Moreover, I would have liked to see a stronger accent on the fact that the gospel is for followers, too (see, e.g., Rom. 1:15; 1 Cor. 15:1-2; 2 Cor. 8:7-9; Gal. 2:14; Eph. 5:25-32; Phil. 1:27). What is its role in fueling Christian living? How do the realities of our union with Jesus and indestructible acceptance before the Father propel us beyond fandom in this age? I can follow my Savior because he perfectly followed his Father and died for my failure to do so. I’m energized to obey him unto death because he was obedient unto death for me (Phil. 2:8). My standing before God, even when I slip into fandom, is grounded in his unshakable approval of me because of my vital union with his Son. As Sinclair Ferguson puts it, “My security as a Christian does not reside in the strength of my faith but in the indestructibility of my Savior.” So, as crucial as it is to regularly expose our hearts to the mirror of Luke 9:23 and 2 Corinthians 13:5, followers are finally secure not because of our radicalism for the cause but because of the gifted righteousness of the King.
Ultimately, we’re not students following a rabbi but Christians following a Redeemer.
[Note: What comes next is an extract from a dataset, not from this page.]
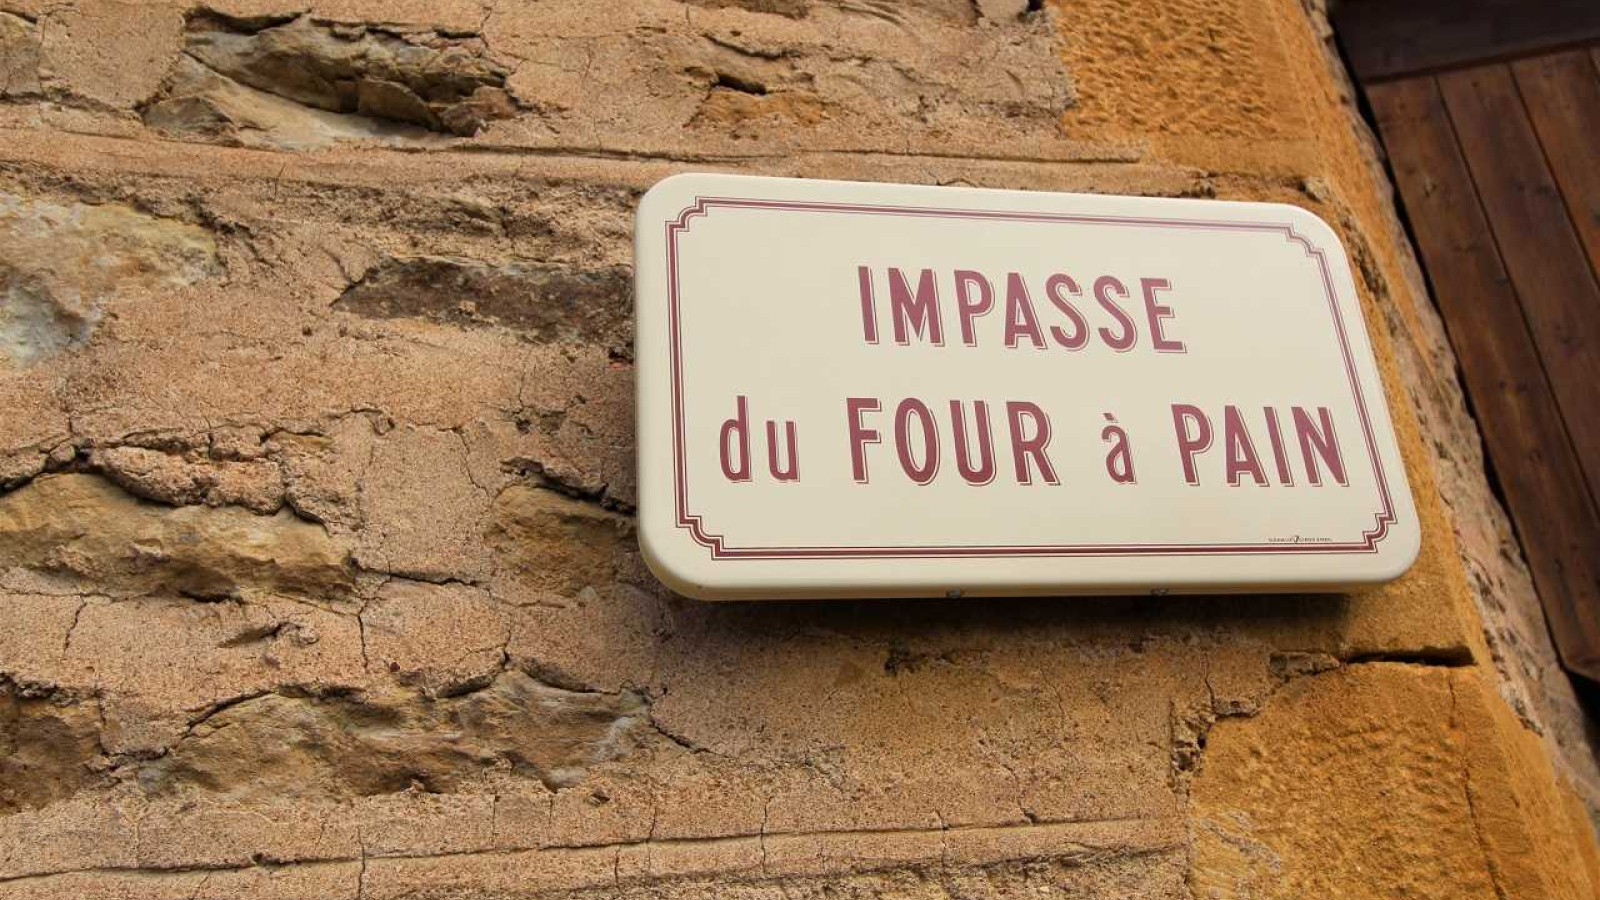 Chambres d'hôtes 'Bienvenue à Dalbepierre' à St Laurent d'Oingt/Val d'Oingt dans le Beaujolais - Rhône : Impasse du Four à Pain.

There’s a big difference.
Incidentally, Idleman’s underemphasis on Jesus’ accomplishment for us (beneath and beyond what we must accomplish for him) reveals itself in his exposition of Jesus’ call to carry our crosses:
It’s only by dying to ourselves that we truly find life. . . . In fact, in 1 Corinthians 1:18 Paul wrote: For the message of the cross is foolishness to those who are perishing, but to us who are being saved it is the power of God. . . . Dying to yourself doesn’t make sense for the fan, but the follower understands that dying is the secret of really living. That’s why we sing about the wonderful cross. (170)
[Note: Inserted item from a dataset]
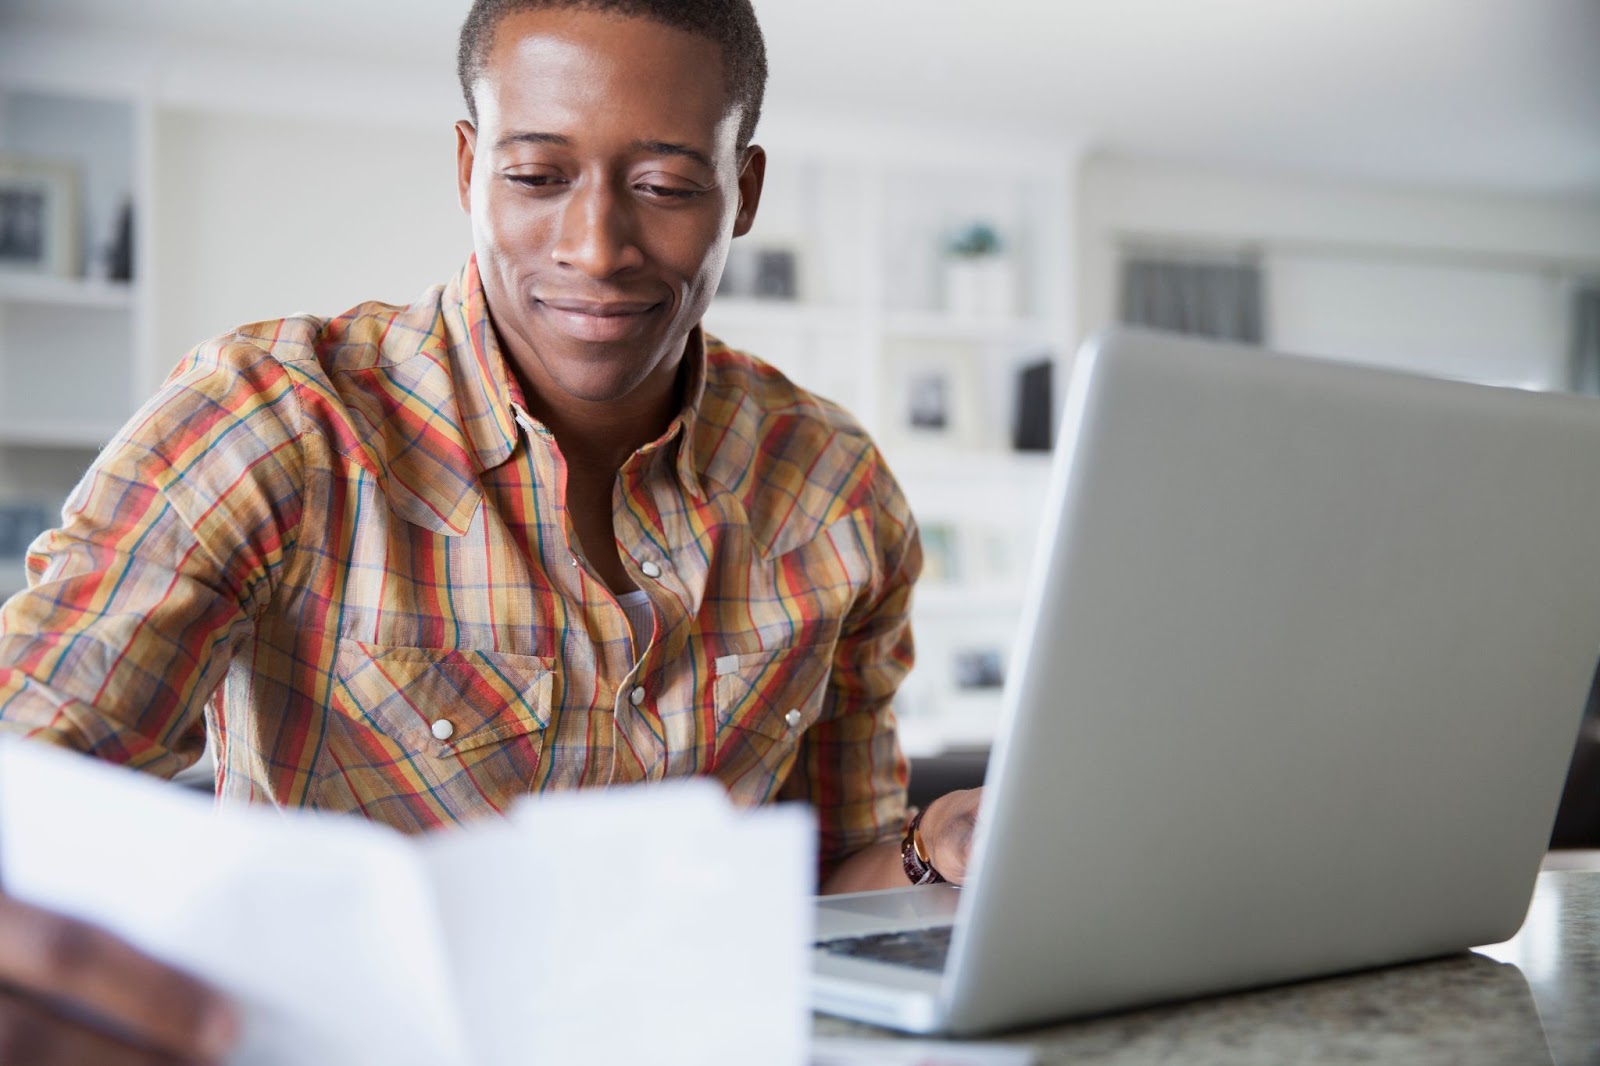 Imagem de um homem negro, de cabelos curtos e vestindo uma camisa xadrez. Ele sorri enquanto analisa um papel em sua mão direita, enquanto a esquerda está apoiada em um notebook cinza.

Well, not quite. The wonderful cross we sing about is Christ’s, not ours. In the context of 1 Corinthians 1, the “message of the cross” is the gospel of Christ’s death, as the preceding verse makes plain: “For Christ did not send me to baptize but to preach the gospel . . . lest the cross of Christ be emptied of its power” (1 Cor. 1:17).
Second, I’m afraid Not a Fan is ecclesiologically inadequate. While Idleman tips his cap to the importance of fellowship, he does not underline the utterly indispensable role of covenant community in our pursuit of Jesus. Christian life and growth is not a solo sport but a community project, a team effort. More specifically, our discipleship to the Lord Jesus is designed to be anchored in a local church. We submit to him on earth by submitting to a church, just as a child submits to her parents by submitting to the babysitter or a professional athlete submits to the team owner by submitting to the head coach.
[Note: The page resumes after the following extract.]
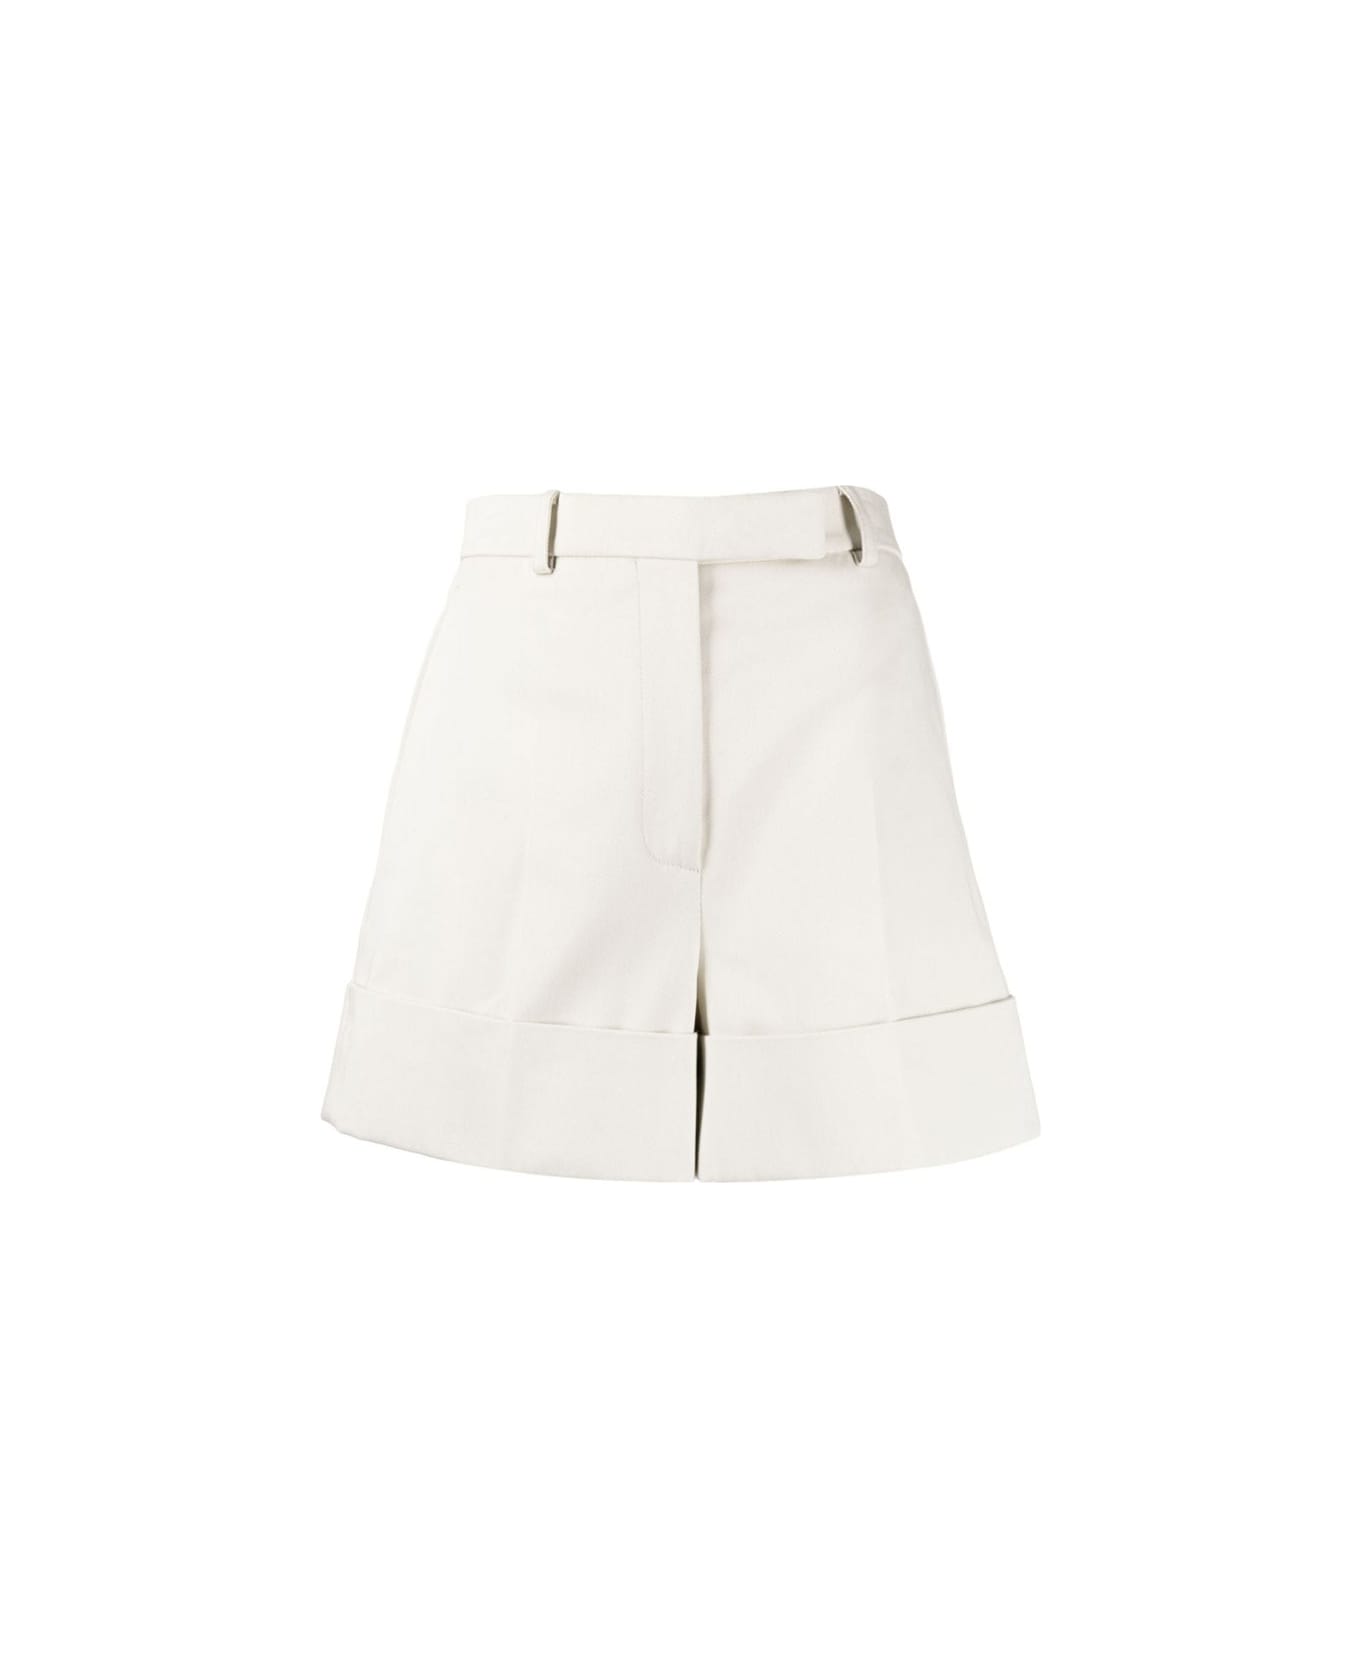 Thom Browne White Cotton Shorts - NATURAL WHITE

I wonder if, in the end, Idleman’s ecclesiology perpetuates the very thing he’s aiming to counter and therefore fails to be a robust rebuke. Fandom, after all, is a symptom of anonymous church participation. Without careful structures of meaningful membership and discipline in a church, discipleship lacks teeth and fandom is free to flourish.
So sell out for Jesus, yes, but do so through formally committing to a healthy church, submitting your life to the oversight of its leaders and the accountability of its members.
I was challenged and blessed as I read Not a Fan—an undeniably needed word in our day. Despite a couple of significant reservations, I am thankful for Idleman’s boldness, clarity, and unvarnished call to examine our motives, pick up our crosses, and pursue the One we profess to love. May God grant us all grace to be followers of Jesus, not fans.